Mouawad Roger, Rixe Olivier, Meric Jean-Baptiste, Khayat David, Soubrane Claude

机构信息

Medical Oncology Department, Salpetriere Hospital, AP-HP Paris, France.

出版信息

Cytokines Cell Mol Ther. 2002;7(4):151-6. doi: 10.1080/13684730210002328.

Abstract

This retrospective study sought to evaluate the impact of IL-6 concentration on time to progression in advanced melanoma. One hundred and thirty-five patients were included, serum IL-6 levels were determined before (Day 0), at the end of the treatment (Day 49) and at recurrence: the relationship between IL-6 concentration and time to progression (TTP) was also evaluated. The baseline median serum IL-6 level was 16.5 pg/ml. When disease progression was observed, an increase in serum IL-6 level was noted. In order to establish the possible relationship between IL-6 level and TTP, patients were divided into two groups (low and high) using the median IL-6 level (16.5 pg/ml) detected in the pretreatment serum of overall patients as a cut-off. Sixty patients were in the low IL-6 group and 56 patients in the high IL-6 group. Time to progression was calculated from the beginning of treatment to recurrence, and analyzed using the Kaplan-Meier method.

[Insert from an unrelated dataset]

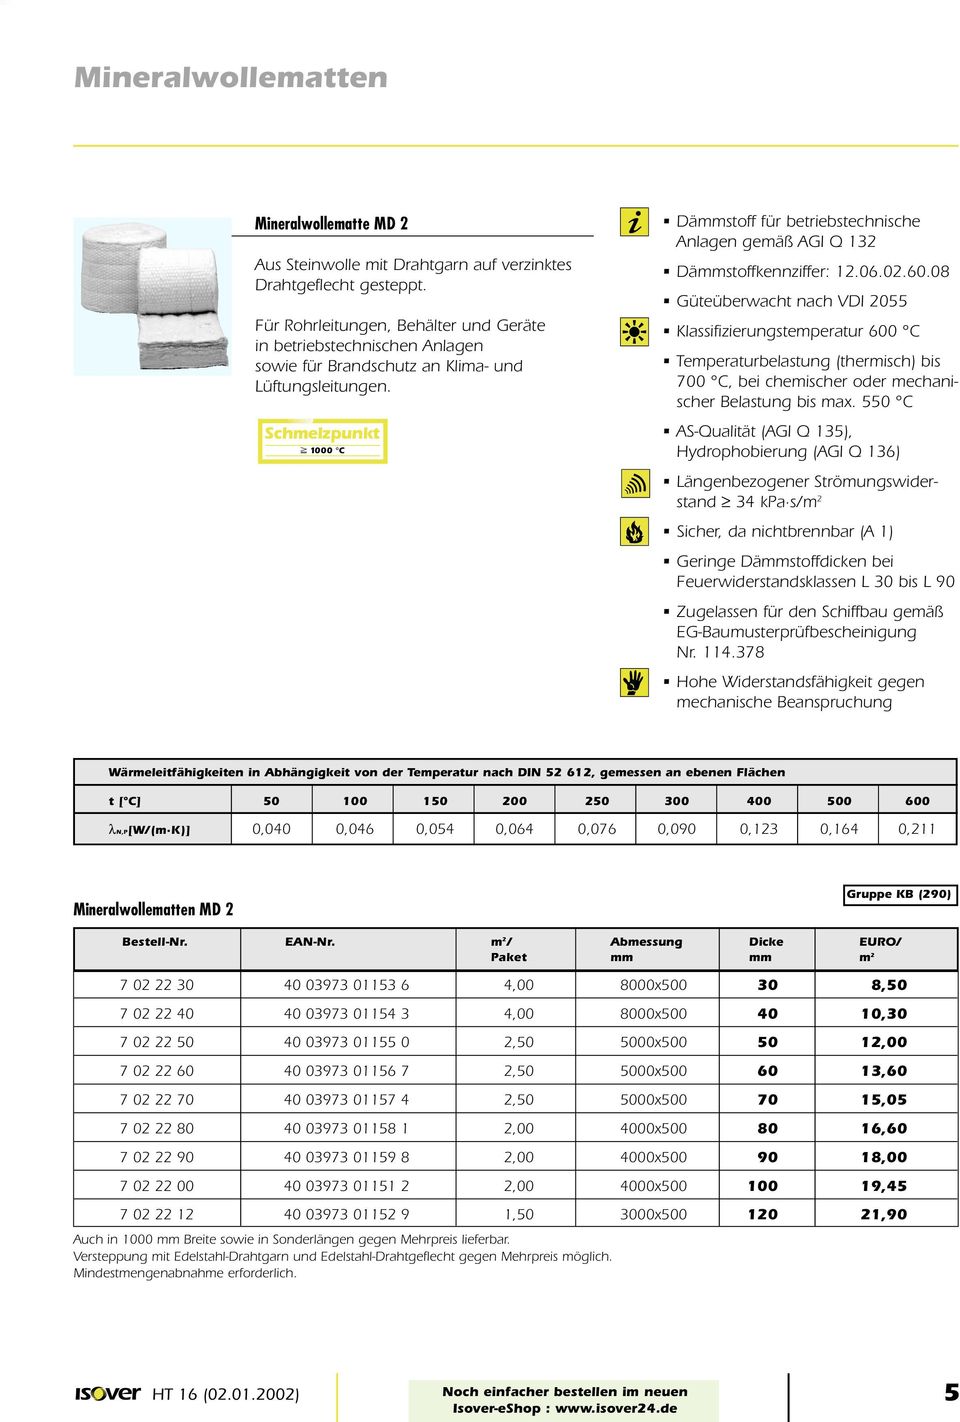 Schmelzpunkt p 1000 C Dämmstoff für betriebstechnische Anlagen gemäß AGI Q 132 Dämmstoffkennziffer: 12.06.02.60.

Patients with low IL-6 serum concentration showed a significantly (p<0.00001) higher median TTP than patients with high IL-6 level. Patients maintaining a low IL-6 level during the treatment showed the longest median TTP compared with those supporting high levels (24.4 versus 5.5 months). Taken together, our results showed that serum IL-6 level could be considered a predictive marker of recurrent disease in metastatic malignant melanoma.

摘要

这项回顾性研究旨在评估白细胞介素-6(IL-6)浓度对晚期黑色素瘤疾病进展时间的影响。研究纳入了135例患者,测定了其治疗前(第0天)、治疗结束时(第49天)及复发时的血清IL-6水平,并评估了IL-6浓度与疾病进展时间(TTP)之间的关系。基线时血清IL-6水平的中位数为16.5 pg/ml。观察到疾病进展时,血清IL-6水平会升高。为了确定IL-6水平与TTP之间的可能关系,以全体患者治疗前血清中检测到的IL-6水平中位数(16.5 pg/ml)为界,将患者分为两组(低水平组和高水平组)。低IL-6组有60例患者,高IL-6组有56例患者。从治疗开始到复发计算疾病进展时间,并采用Kaplan-Meier方法进行分析。血清IL-6浓度低的患者的TTP中位数显著高于IL-6水平高的患者(p<0.00001)。与维持高水平IL-6的患者相比,治疗期间维持低IL-6水平的患者的TTP中位数最长(分别为24.4个月和5.5个月)。综上所述,我们的结果表明血清IL-6水平可被视为转移性恶性黑色素瘤复发疾病的一个预测指标。